Powell's restored 19th century farmhouse on 707 east of Rockford was
one of the homes open to the public during Rockford's ninth annual Christmas Walk last
weekend. Approximately 300 people came through the house, Powell said, and what they saw
was a home that had been rebuilt with tender loving care, inch by inch.
Powell, 48, bought the home in 1982. He had grown up across the road
from it and had always admired its lines. But when he bought it, the house was a mess.
"Don't ever let them tell you that they built houses better in
those days," he said.
The floors were sagging. The plaster was falling. The roof had to be
replaced. The old gentleman who had lived there alone for years before his death had never
expected the house to survive him for long.
"I think he fully expected the next owner to come along and
bulldoze the house," Powell said.
But that was the last thing that Powell wanted. He went to work with
his father, Jack, an accomplished carpenter, and his brothers. Together they gutted the
old house and put it on a new foundation. Powell removed the old wood floors, re-laid the
planks, sanded and refinished them. He painstakingly found period woodwork and hardware
for all the rooms.
"Basically, we took everything out and put it all back in,"
he said. "But the idea was you would never know that."
It took years of hard work, done piece by piece as Powell, who works at
Tu-Way Products in Rockford, could afford it. He's been living in it for the past 10
years, but it wasn't until last Wednesday, as the deadline of the Christmas Walk loomed,
that he finished it < as much as such a labor of love is ever finished.
"My niece came and helped me hang the living room valances on
Wednesday," he said.
There's nothing like the knowledge that the whole town could be coming
through your house, he said, to motivate you to finish a home improvement project.
For Powell, the project became so much more than wiring and plumbing.

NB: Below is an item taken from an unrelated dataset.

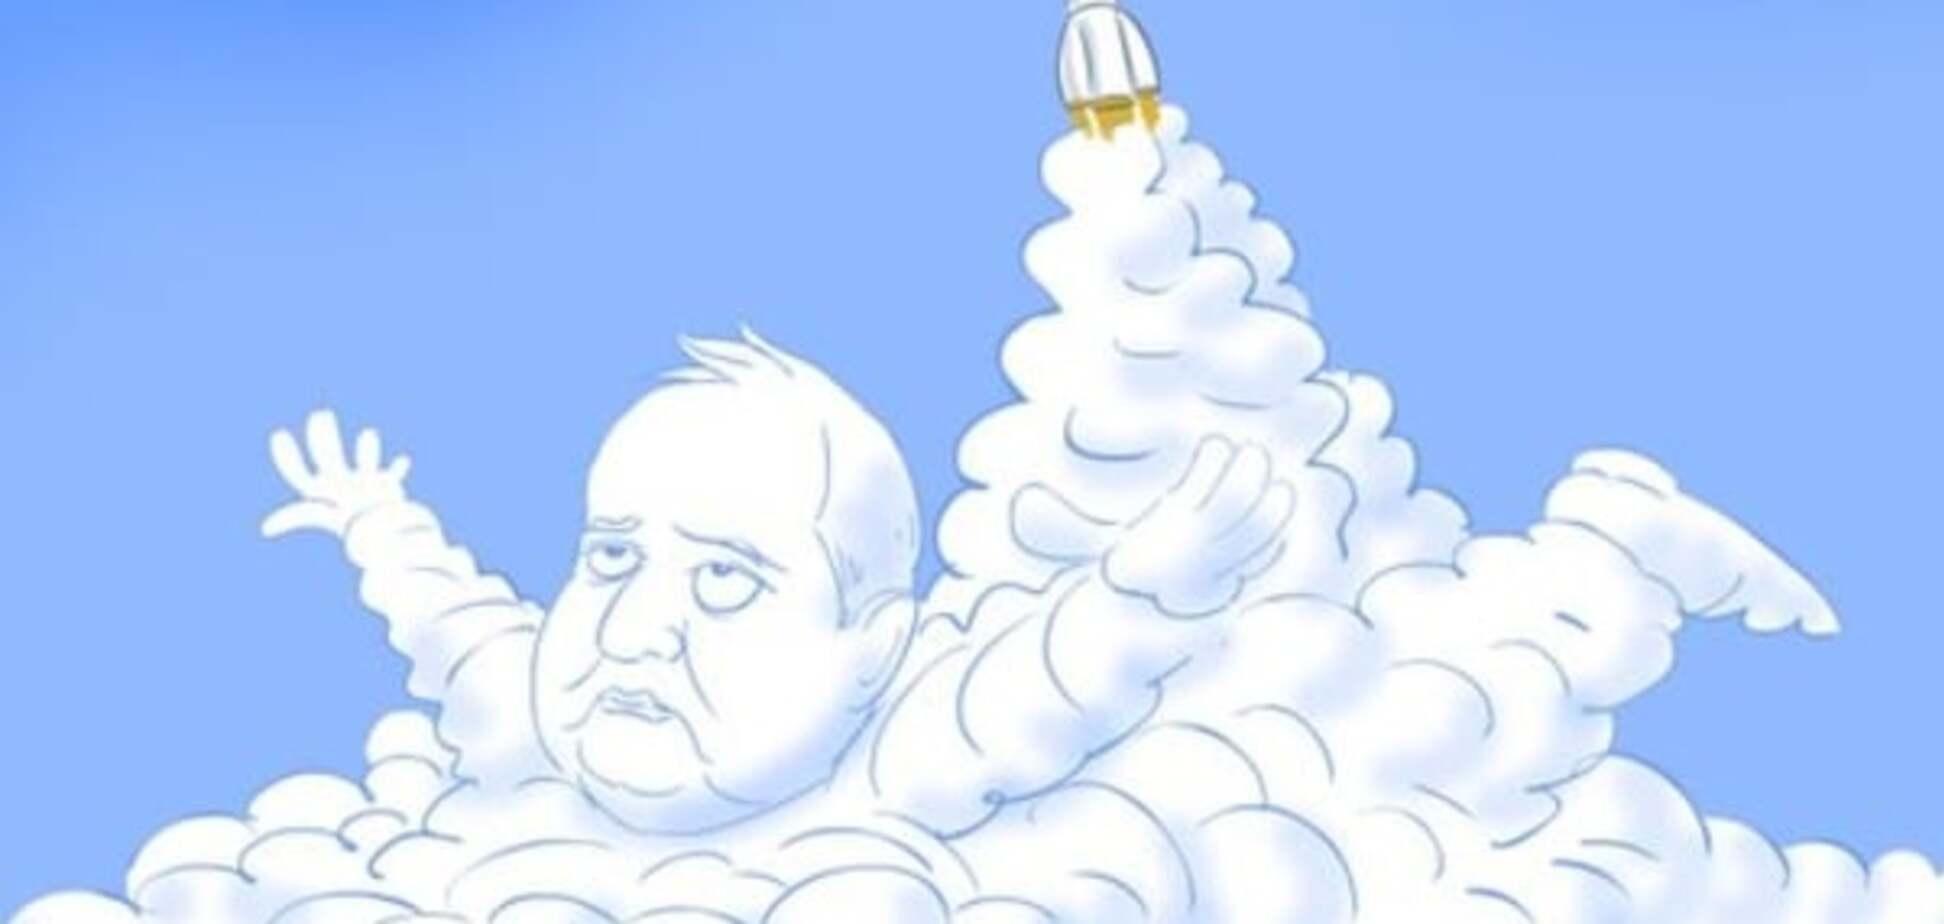 Йолкін висміяв Рогозіна і запуск ракети у Росії: свіжа карикатура

A
long-time collector of antiques, he scoured the countryside for furnishings that would
match his house. He haunted auctions, garage sales and antique stores - and he wasn't
above taking handouts.
"Whenever anybody would ask, ODoes anybody want this old thing?'
I'd take it," he said. "Chances are I'd find a use for it here."
Powell has turned it all into treasures. His dining room table is set
with glassware that matches the pieces his great-great-grandmother once used. In the
kitchen is a shelf full of family pieces, modest but meaningful to him, like an old teapot
his grandmother used to heat water for his grandfather's coffee.
Upstairs in his sitting room, the toys under the Christmas tree were
his when he was a boy, including a little red rocker that was a gift to him on his first
Christmas. Many of the ornaments on his tree came from his grandmother.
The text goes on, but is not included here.